In Woodruff Construction, L.L.C. v. Clark, No. 17-1422, 2018 Iowa App. LEXIS 765 (Iowa Ct. App. Aug. 15, 2018), the defendant formed a corporation and filed articles of incorporation in 1997. The corporation was reincorporated in 2001 after an administrative dissolution. The corporation was engaged in the business of biosolids management. The defendant was the sole owner and director of the corporation along with being the corporation’s secretary and treasurer. The plaintiff contracted with a small town to be the general contractor during the construction of a wastewater treatment facility for the town. In early 2010, the plaintiff contracted with the defendant for lagoon sludge removal. The defendant began work, but then ceased work after determining that project would cost more to complete that what the contract was bid for.

In 2012, the plaintiff sued for breach of contract and obtained a judgment of $410,066.83 plus interest in 2014. The corporation failed to pay the judgment and the plaintiff sued in 2015 to pierce the corporate veil and recover the judgment personally from the defendant. The trial court refused to pierce the corporate veil and also denied a request to impose a constructive trust and equitable lien on the corporate assets. The plaintiff appealed the denial of piercing the corporate veil.

The appellate court determined that the plaintiff had failed to establish that the corporation was undercapitalized – it had assets and was profitable. The plaintiff also did not show that the corporation was undercapitalized at the time it entered into the contract with the plaintiff. There also was no evidence showing that the corporation changed the nature of its work or engaged in an inadequately-capitalized expansion of the business. It was also unclear, the appellate court noted, that the capital transfers from the corporation to the defendant rendered the initial adequate capitalization irrelevant. Thus, the plaintiff failed to establish that the corporation was undercapitalized to an extent that merited piercing the corporate veil.

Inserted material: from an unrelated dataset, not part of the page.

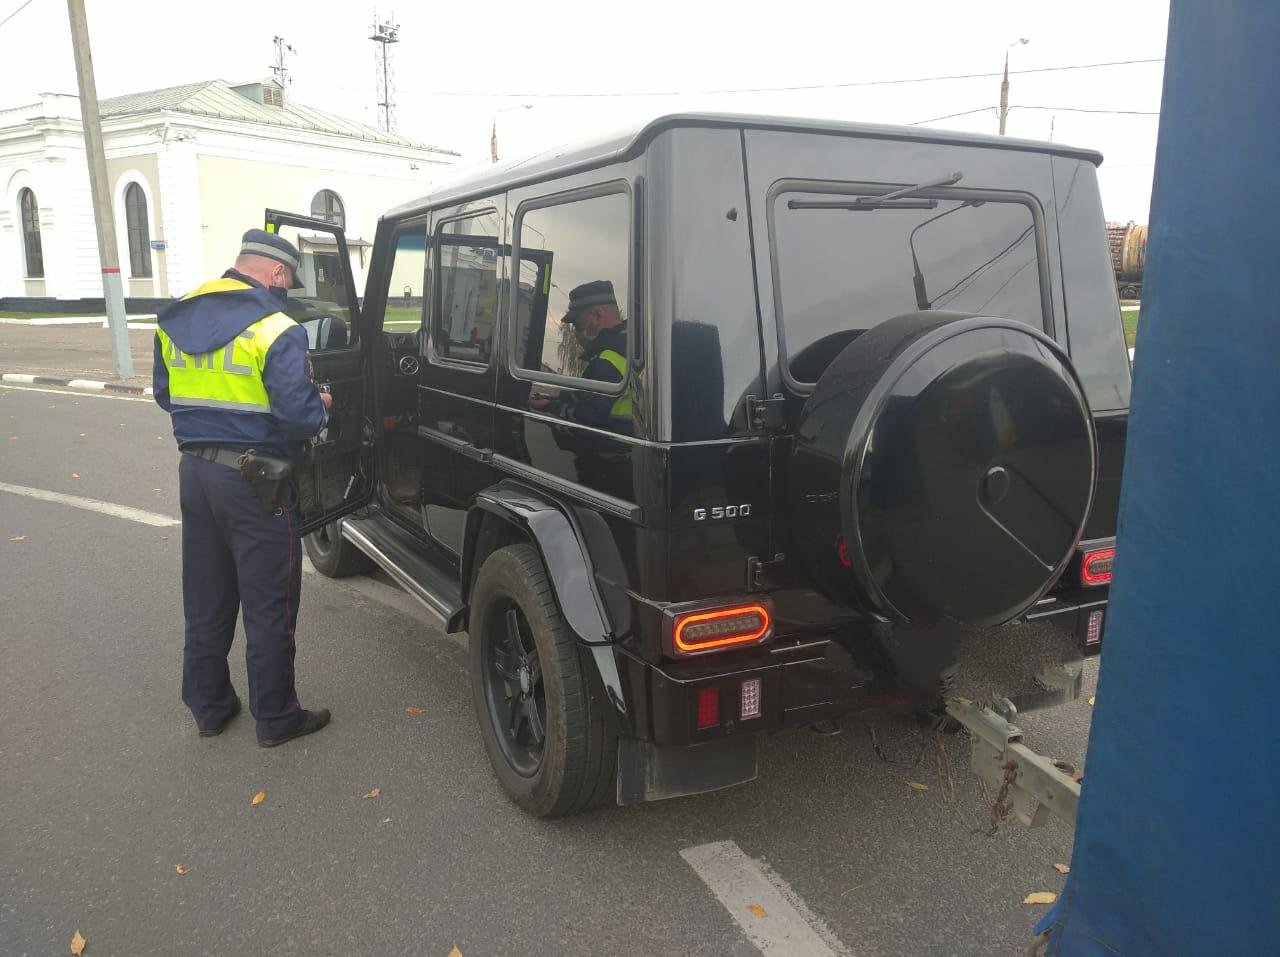 22 нарушителя за час: в Ярославле тормозили тонированные машины

However, the appellate court noted that the evidence illustrated that the defendant commingled personal funds with corporate funds. The defendant used corporate funds for personal purposes, and also failed to maintain separate books and records that sufficiently distinguished them from the defendant personally. In addition, the appellate court noted that the corporation did not follow corporate formalities. The corporation had been dissolved administratively by the Secretary of State in 1998 due to the failure to file a biennial report, but the corporation continued operations during the time it was dissolved as if the corporation were active. When the new corporation began in 2001, no bylaws, corporate minute book or shareholder ledger were produced. In addition, the new corporation (operating under the same name as the old corporation) was administratively dissolved three times for failure to submit the biennial report (the corporation used the statutory procedure to apply for reinstatement each time). The appellate court determined that the corporation was not considered by the defendant to be a separate entity from himself. Accordingly, the appellate court reversed the trial court and allowed the corporate veil to be pierced and the defendant to be held personally responsible for the judgment. 

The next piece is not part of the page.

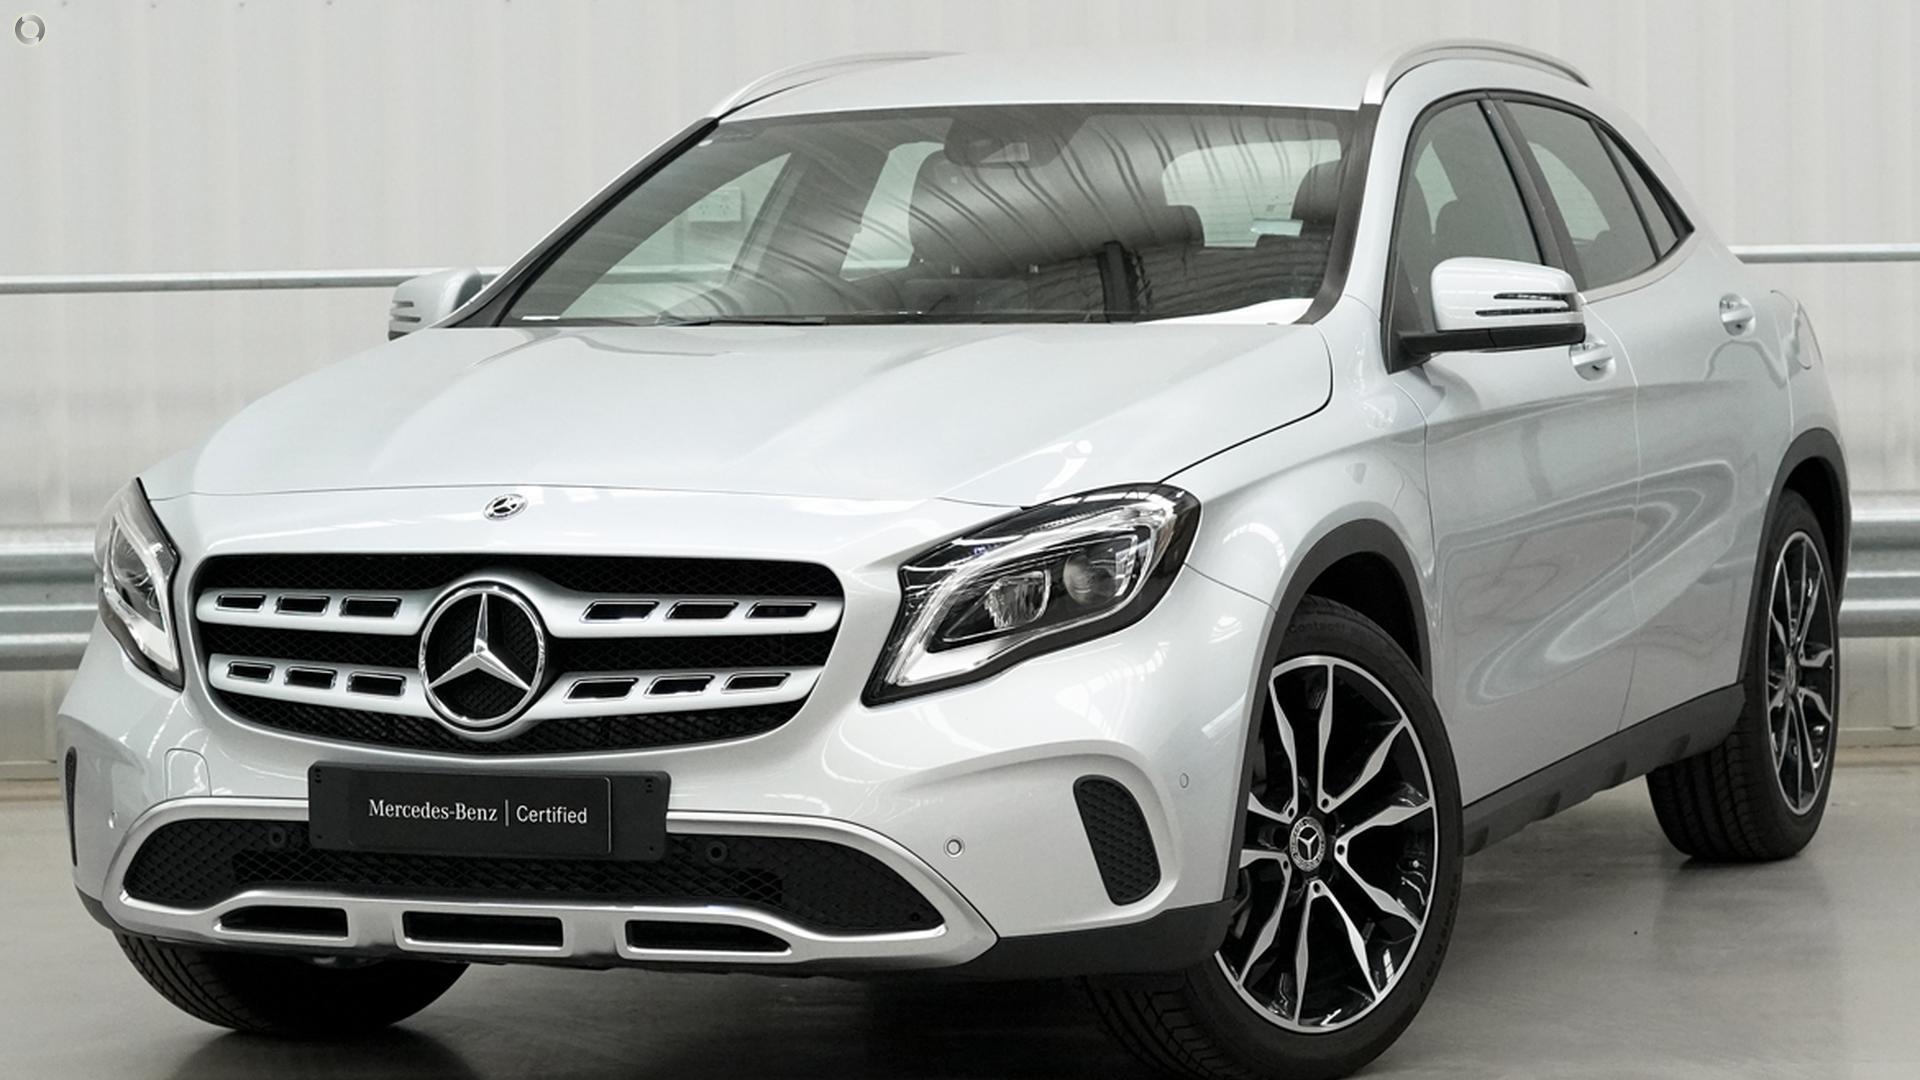 2019 Mercedes-Benz GLA 220 D Wagon

To obtain creditor protection that the limited liability feature of a corporation can provide, it’s critical to follow corporate formalities and respect the corporation as an entity distinct from the shareholder.  Failure to do so can result in personal liability for corporate debts and obligations.  With machinery, equipment, livestock and unique features on farm and ranch land, achieving liability protection for farmers and ranchers is a big deal.  Respecting the corporate entity is key to achieving that protection.  Good legal counsel can make sure these requirements are satisfied.